Neptune's Blessings - feedback and tag advice

Your story begins with a big info-dump, about 1300 words of explaining how merfolk work. This is generally not something I would recommend in storytelling. You're trying to get the attention of readers who have half a million other stories they could be reading on this site, who have the option of closing your story and skipping on to something else.

The opening of your story needs to give readers a reason to keep reading. That can be a sympathetic character, an interesting situation, a mystery to be solved, lots of things. But a discussion of how the pigmentation of coastal mermaids varies from that of deep-water mermaids probably isn't it.

This can be a challenge in SF/F, where that kind of world-building often is an important part of the story, and there might be some things readers need to know in order to follow the rest of the story. But even there you're probably better off drip-feeding it to readers, finding opportunities to drop it in along the way rather than dropping it on them at the start of the story. Even if you keep the "guide to non-humans" format, a short excerpt at the beginning of each section may work better.

Give them a reason to care about the story first, give them a taste of what kind of story you're telling. Check out some of your favourite SF/F stories, those with a lot of world-building, and pay attention to how those authors balance that side of things with the story-telling. It's very rare that they'll present so much information up front.

There were some technical issues that could be improved:

Typos e.g. 'tight nit groups'.

Number agreement e.g.:

'The coastal mermen make and maintain nests in the shallows. This is where his spouse will deposit fertile eggs'.

This could be written either in singular ("The coastal merman makes and maintains nests...") with the understanding that you're talking about mermen in general not one particular merman, or in plural ("This is where their spouses..."), but the mix of plural and singular doesn't work.

Tense switching mid-scene, e.g.:

'With a mewling moan he gushed, "So hot! So good!" Whimpering his hips slap back to the sand as he complains, "But on land, I'm so heavy." Chuckling she pressed her lips back to his so that their tongues can duel while she roughly rides his throbbing penis. Mathias eagerly kneaded at her hips...'

"Gushed" is past tense, "slap" and "complains" are present tense, "pressed" is past, "can" and "rides" are present again, "kneaded" is back to past. This is confusing to read.
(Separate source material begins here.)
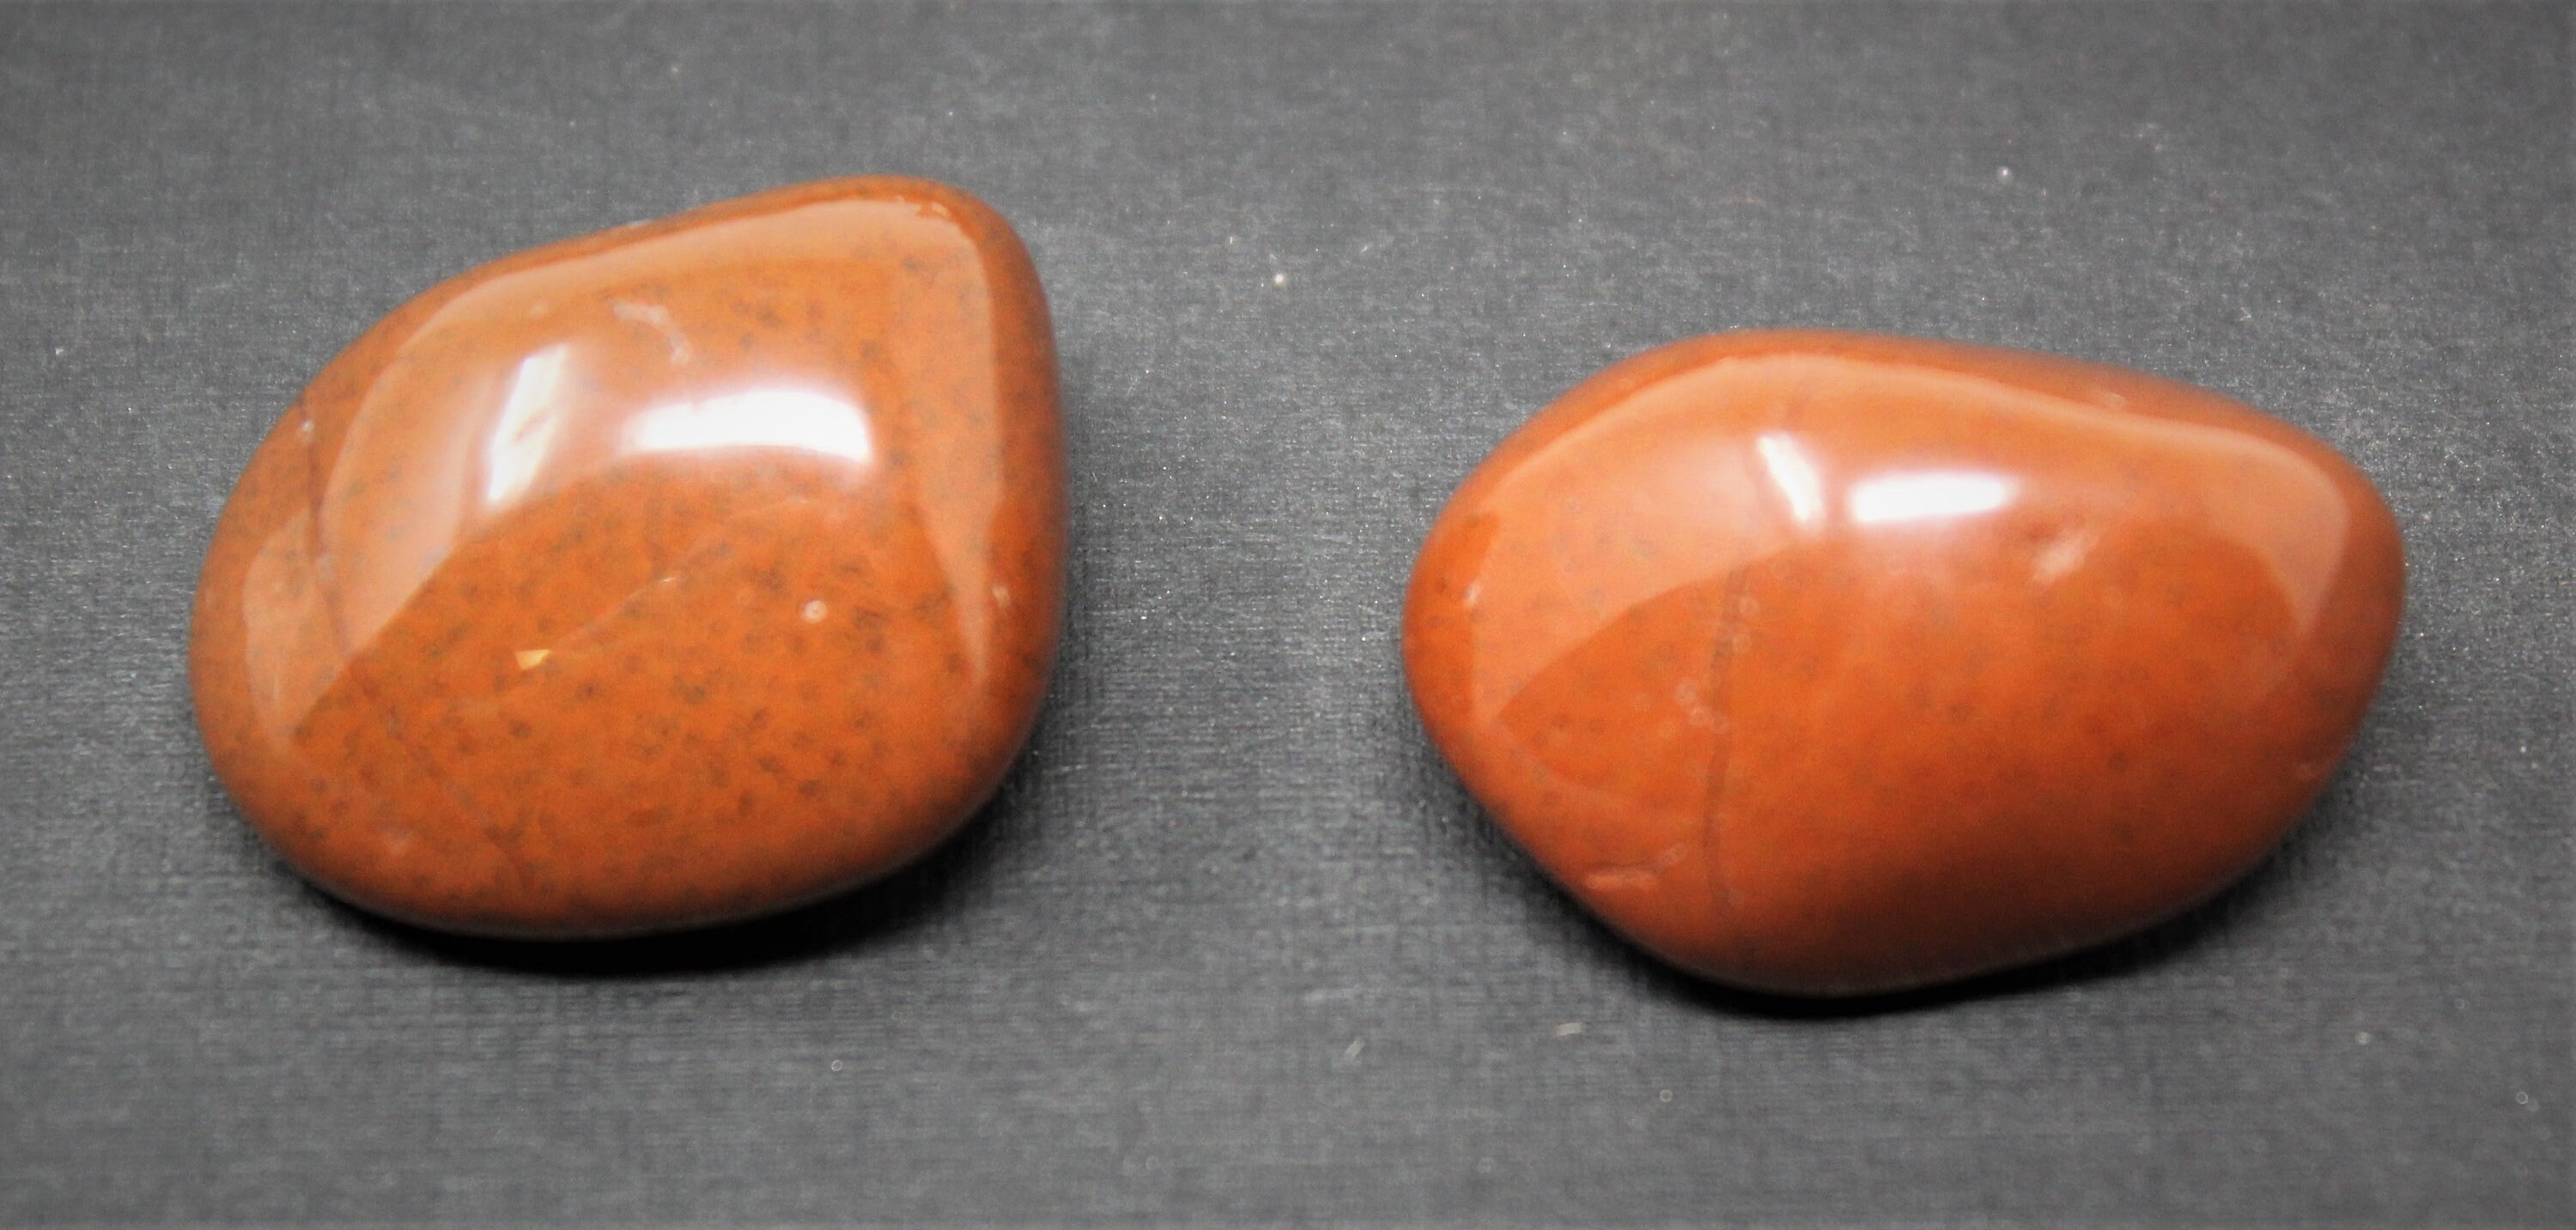 Red Jasper Tumbled Stones Choose 2 Oz 4 Oz 8 Oz Or 1 Lb Bulk Lots

Head-hopping: your story is mostly told from Mathias' POV, but occasionally it gets into Clara's head:

"Clara's lips twitched briefly as she fought down the smile that her dirty mind tried to draw up from his words. Humming a soft lullaby she rested her chin upon the side of Mathias' forehead. Such gentle intimacies was not something that a harpy often allowed outside of her flock. But she could not bring herself to reject someone who was alone with such pain."

A scene can be written either in "close" POV (where the story picks a single character, and shows only what that character can perceive) or "distant" POV (where it shows more of a bird's-eye view, and can explore the thoughts of more than one character). Either is valid, but it's generally better to pick one and stick with it than to tell something that's 95% from one character's perspective but occasionally slips out of it.

I did enjoy Clara showing friendship by bringing Mathias bloody dead things to eat. I wonder if that side of her could be brought out a bit more in the dialogue too?

That's all I have time for right now, but hope some of that is useful to you.
 
Yeah I worried the info dump might be a bit of a problem, but I had a hard time fully describing Mathias without it feeling clunky until I came up with that idea. I can see how breaking up the excerpt might work, although I couldn't see it at the time. Hmm, maybe also just putting it at the back of the segment and letting people know it's there at the beginning so they can jump to it if they want?

I'd like to think I've been getting better at the typos and tense switching. At the very least I've been catching them more when I do my own read through.

I hadn't even noticed the number thing though, I'll have to keep an eye out for that to try and keep my sentences consistent so that they make sense.

I'm not sure I'll be able to refrain from the occasional head hopping, is it really that distracting?
 
I'm not sure I'll be able to refrain from the occasional head hopping, is it really that distracting?

It's not a big thing, less jarring than the other points I mentioned. But small things can add up if there are enough of them.